Anyway, I applied 1/4, we can continue to discuss the rest.

          Linus

^ permalink raw reply	[flat|nested] 23+ messages in thread

* Re: [PATCH 0/4] ipc/sem.c: Bug fixes, regression fixes, v3
  2013-05-26  9:08 [PATCH 0/4] ipc/sem.c: Bug fixes, regression fixes, v3 Manfred Spraul
                   ` (5 preceding siblings ...)
  2013-05-26 20:50 ` Davidlohr Bueso
@ 2013-05-27  2:04 ` Greg KH
  2013-05-27 17:50   ` Rik van Riel
  6 siblings, 1 reply; 23+ messages in thread
From: Greg KH @ 2013-05-27  2:04 UTC (permalink / raw)
  To: Manfred Spraul
  Cc: Rik van Riel, LKML, Andrew Morton, Davidlohr Bueso, hhuang,
	Linus Torvalds

On Sun, May 26, 2013 at 11:08:51AM +0200, Manfred Spraul wrote:
> I've split my patch into 4 parts:
> - 1: Fix-missing-wakeups-in-do_smart_update
> - 2: seperate-wait-for-zero-and-alter-tasks
> - 3: Always-use-only-one-queue-for-alter-operations
> - 4: Rename-try_atomic_semop-to-perform_atomic
> 
> Linus:
> - Patch 1 should be merged immediately: It fixes bugs,
>   the current code misses wakeups.

Should this patch be backported to 3.9 and maybe older kernels as well?

thanks,

greg k-h

^ permalink raw reply	[flat|nested] 23+ messages in thread

* Re: [PATCH 0/4] ipc/sem.c: Bug fixes, regression fixes, v3
  2013-05-26 20:50 ` Davidlohr Bueso
  2013-05-26 22:59   ` Linus Torvalds
@ 2013-05-27 15:57   ` Manfred Spraul
  2013-05-28 20:37     ` Davidlohr Bueso
  1 sibling, 1 reply; 23+ messages in thread
From: Manfred Spraul @ 2013-05-27 15:57 UTC (permalink / raw)
  To: Davidlohr Bueso; +Cc: Rik van Riel, LKML, Andrew Morton, hhuang, Linus Torvalds

Hi Davidlohr,

On 05/26/2013 10:50 PM, Davidlohr Bueso wrote:
>
> In lack of getting my swingbench DSS environment back, I ran these
> changes against the semop-multi program on my laptop.

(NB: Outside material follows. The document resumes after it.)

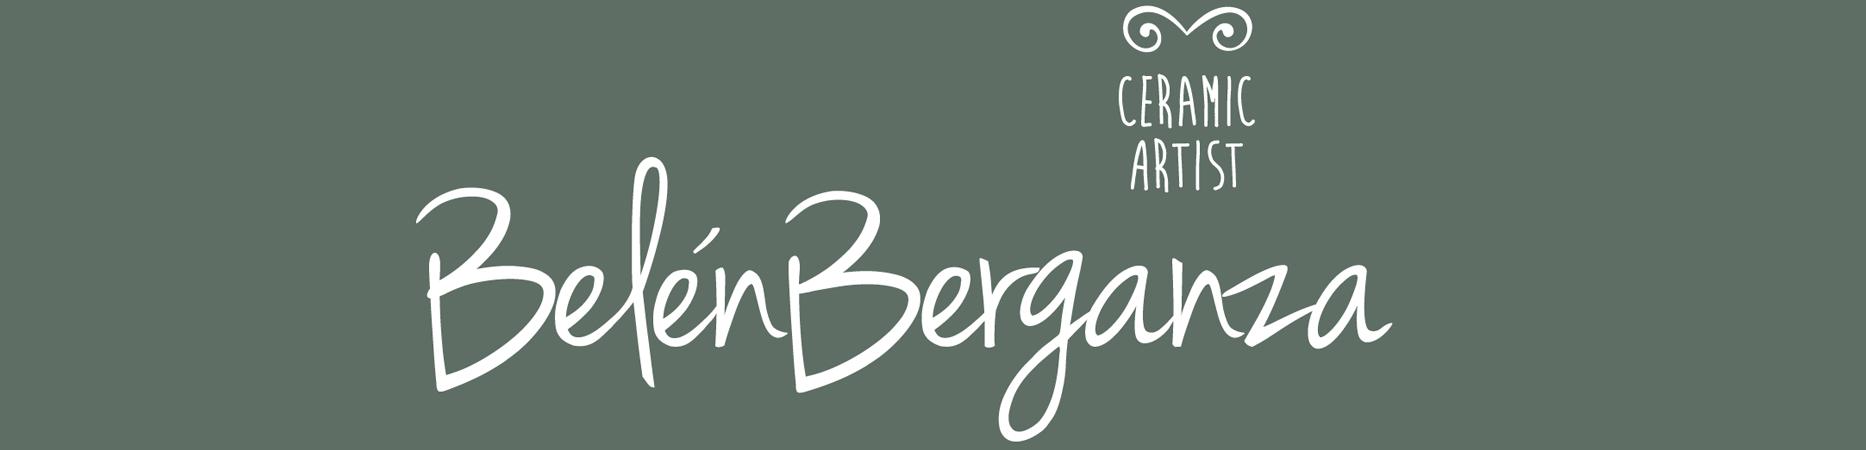 Belen Berganza

For 256 threads,
> with Manfred's patchset the ops/sec suffers around -7.3%.

Could you also check the performance of only patch#1?
I fear that it might be slower than all 4 together.

With regards to semop-multi:
Is this the tool?
http://marc.info/?l=linux-kernel&m=136208613626892&q=p3

I think the logic is the wrong:
Locking a semaphore is substraction, unlocking adding.
Thus multiple tasks can run in parallel - and the task switch code is 
never triggered.
Could you double check that the number of context switches matches the 
output?

I usually use this tool:
http://marc.info/?l=linux-kernel&m=125038376609750


--
     Manfred

^ permalink raw reply	[flat|nested] 23+ messages in thread

* Re: [PATCH 0/4] ipc/sem.c: Bug fixes, regression fixes, v3
  2013-05-27  2:04 ` Greg KH
@ 2013-05-27 17:50   ` Rik van Riel
  2013-05-27 19:57     ` Greg KH
  0 siblings, 1 reply; 23+ messages in thread
From: Rik van Riel @ 2013-05-27 17:50 UTC (permalink / raw)
  To: Greg KH
  Cc: Manfred Spraul, LKML, Andrew Morton, Davidlohr Bueso, hhuang,
	Linus Torvalds

On 05/26/2013 10:04 PM, Greg KH wrote:
> On Sun, May 26, 2013 at 11:08:51AM +0200, Manfred Spraul wrote:
>> I've split my patch into 4 parts:
>> - 1: Fix-missing-wakeups-in-do_smart_update
>> - 2: seperate-wait-for-zero-and-alter-tasks
>> - 3: Always-use-only-one-queue-for-alter-operations
>> - 4: Rename-try_atomic_semop-to-perform_atomic
>>
>> Linus:
>> - Patch 1 should be merged immediately: It fixes bugs,
>>    the current code misses wakeups.
>
> Should this patch be backported to 3.9 and maybe older kernels as well?

No need, the new semaphore code (with this last regression)
did not get merged until the 3.10 merge window.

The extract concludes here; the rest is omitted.